= Wednesday Concerts =

The Wednesday Concerts were a series of concerts held at Exeter Hall in London, established in 1848 and discontinued in 1850.

The purpose was to give a miscellaneous musical entertainment at a cheap price of admission, similar to that paid at the Popular Concerts. The first series, consisting of fifteen concerts, began on 22 November 1848, and were continued once a week until 28 February 1849. The second and third series were continued until 27 June, twenty-seven having been given altogether. There was a small orchestra under John Willy as leader, and the programmes consisted of light overtures, operatic selections, vocal and orchestral, ballads, and light instrumental pieces. Occasionally more important works were tried, such as Mendelssohn's Antigone, Rossini's Stabat Mater, or Mendelssohn's Piano Concerto No. 1.
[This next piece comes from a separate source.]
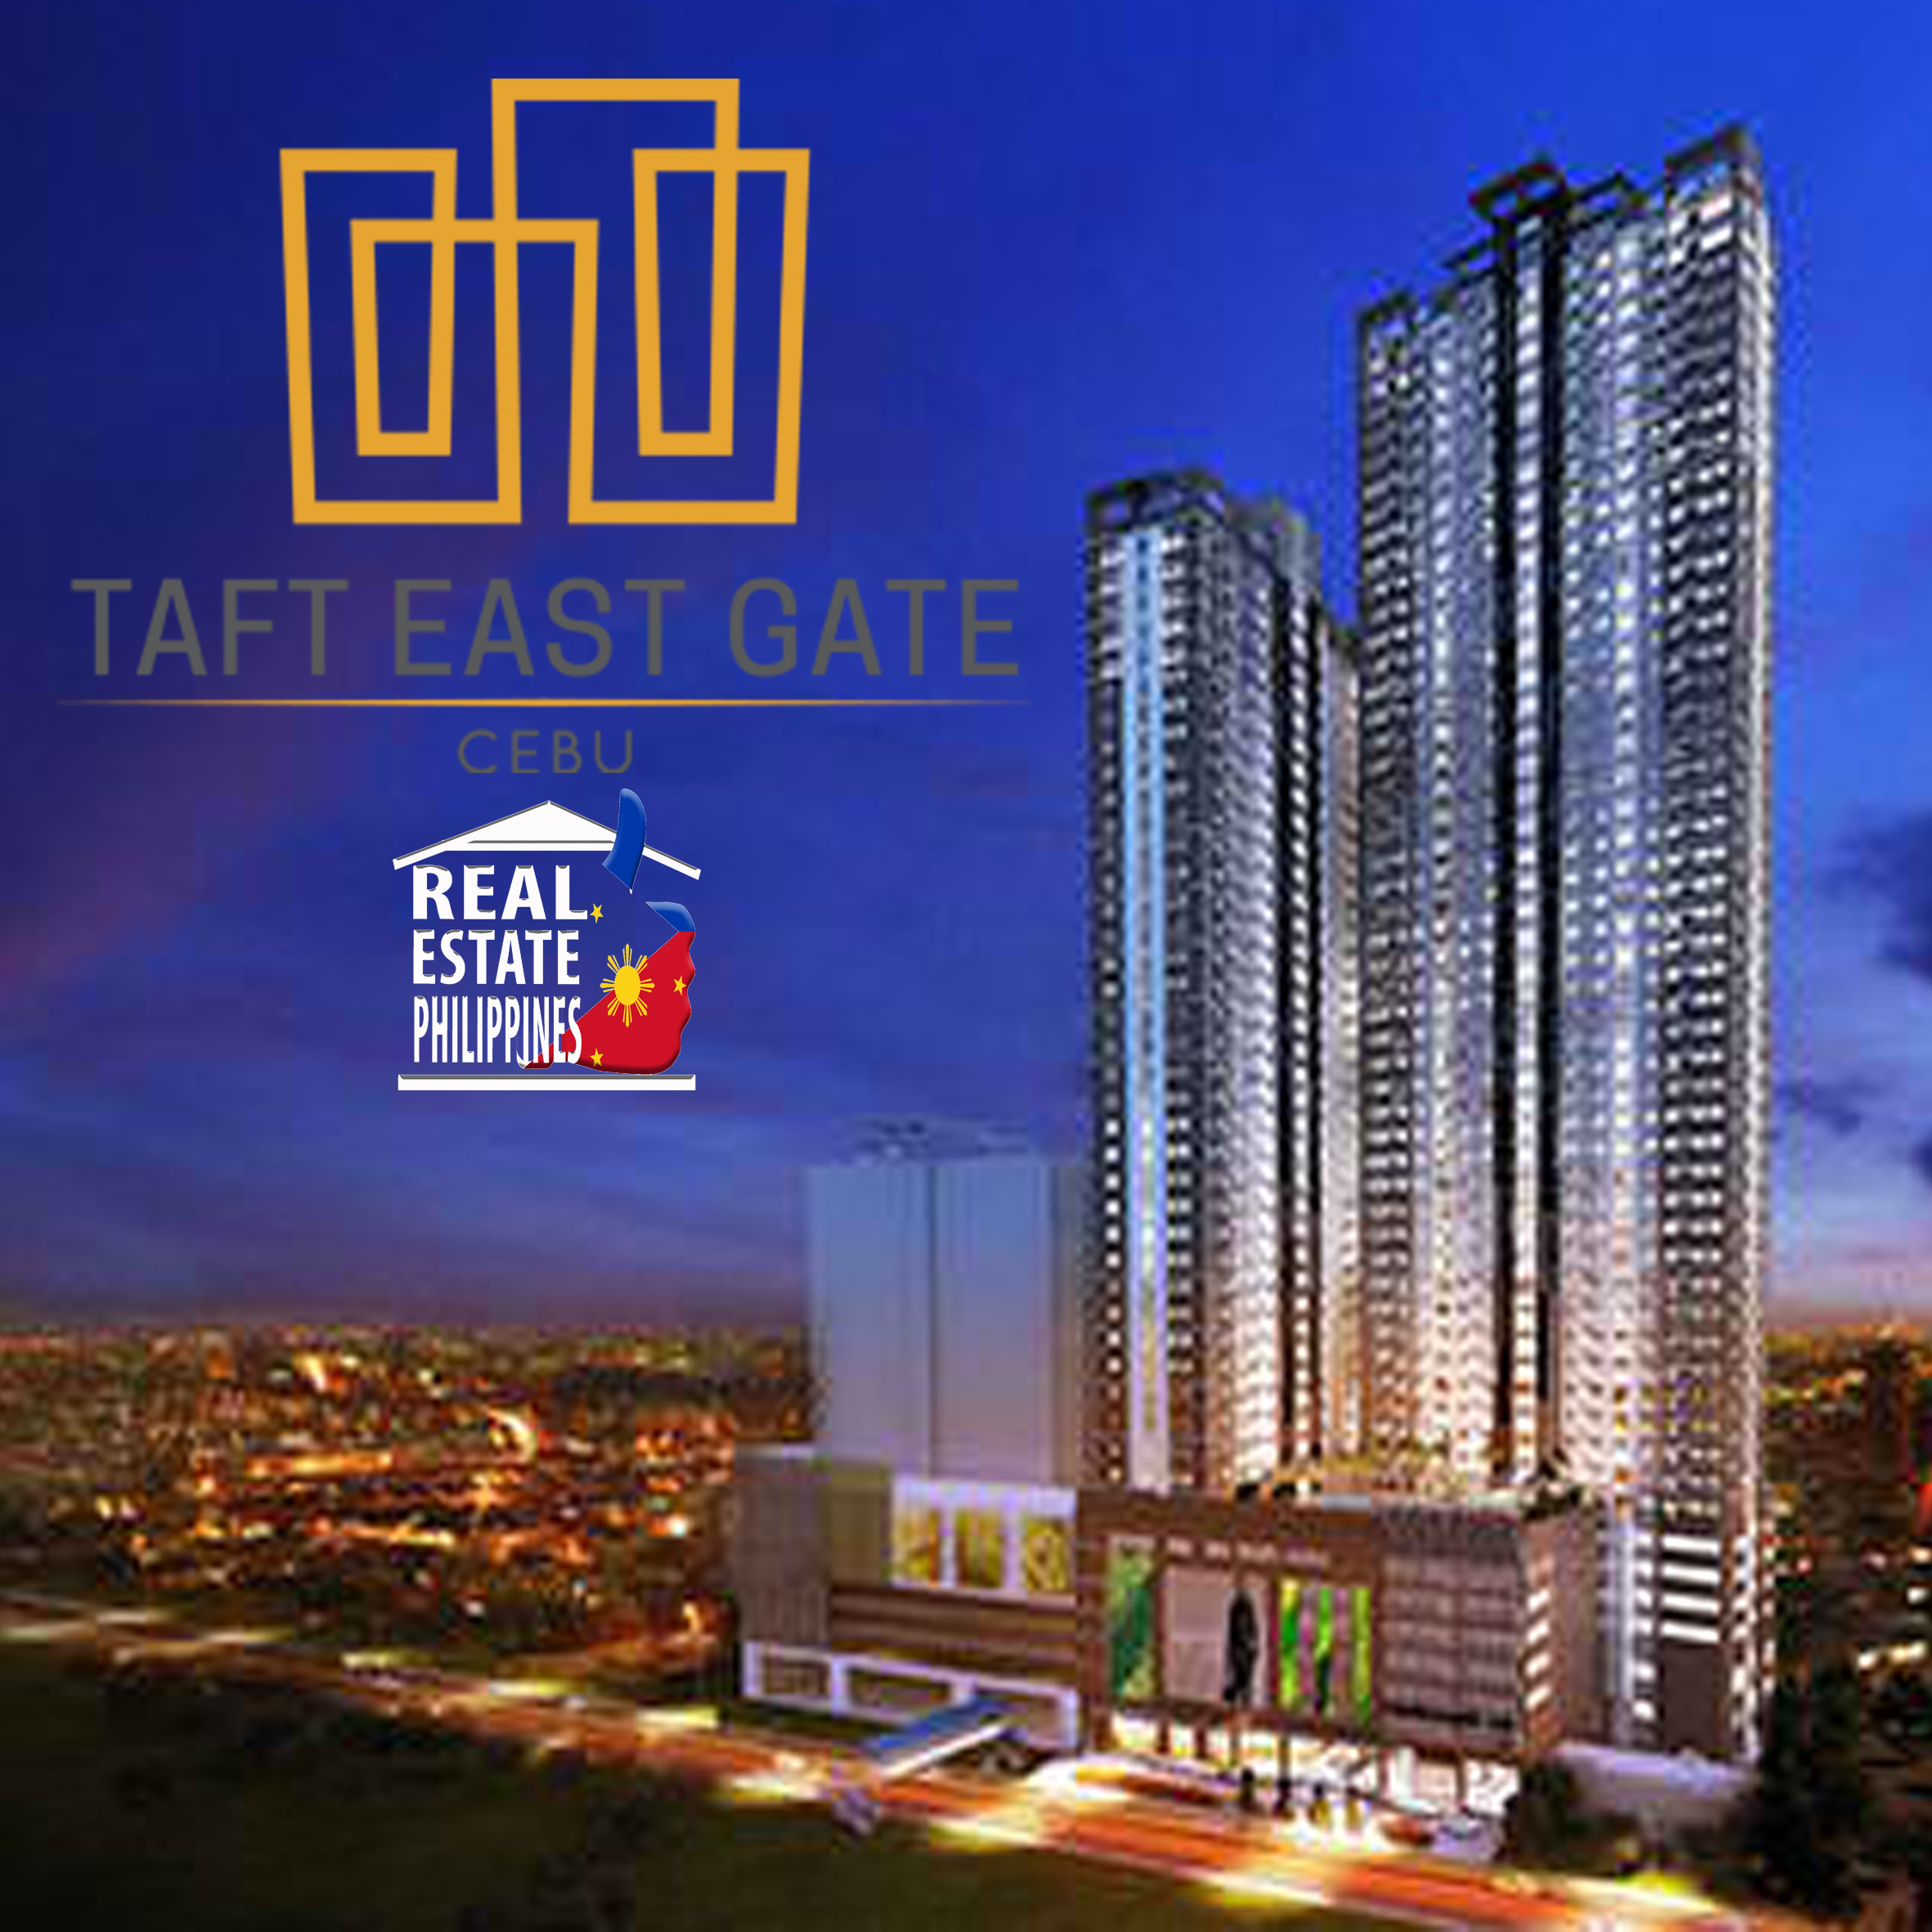 Taft East Gate Real Estate Philippines

A fourth series of fifteen concerts was given, extending from 24 October 1849 to 30 January 1850, and a fifth was attempted, but only twelve of the fifteen were given. The third and fourth series showed some slight improvement in the programmes; the orchestra was increased to forty, Karl Anschütz was conductor, and symphonies of Mozart and Haydn were occasionally given in their entirety. In spite of the fine artists engaged, these concerts failed to hit the popular taste.

Among the artists who appeared were the vocalists Charlotte Birch, Charlotte Dolby, Elizabeth Poole, M. and A. Williams, Elena D'Angri, Jetty Treffz, Elizabeth Rainforth, Mr and Mrs Sims Reeves, John Braham, Giorgio Ronconi, Johann Baptist Pischek and Karl Formes; instrumentalists Kate Loder, Sigismond Thalberg, Prosper Sainton, Heinrich Wilhelm Ernst, Eugène Léon Vivier, Antoine Joseph Lavigne, and Distin and sons; and for the recitation of Antigone, John Vandenhoff, Charlotte Vandenhoff and George Bennett.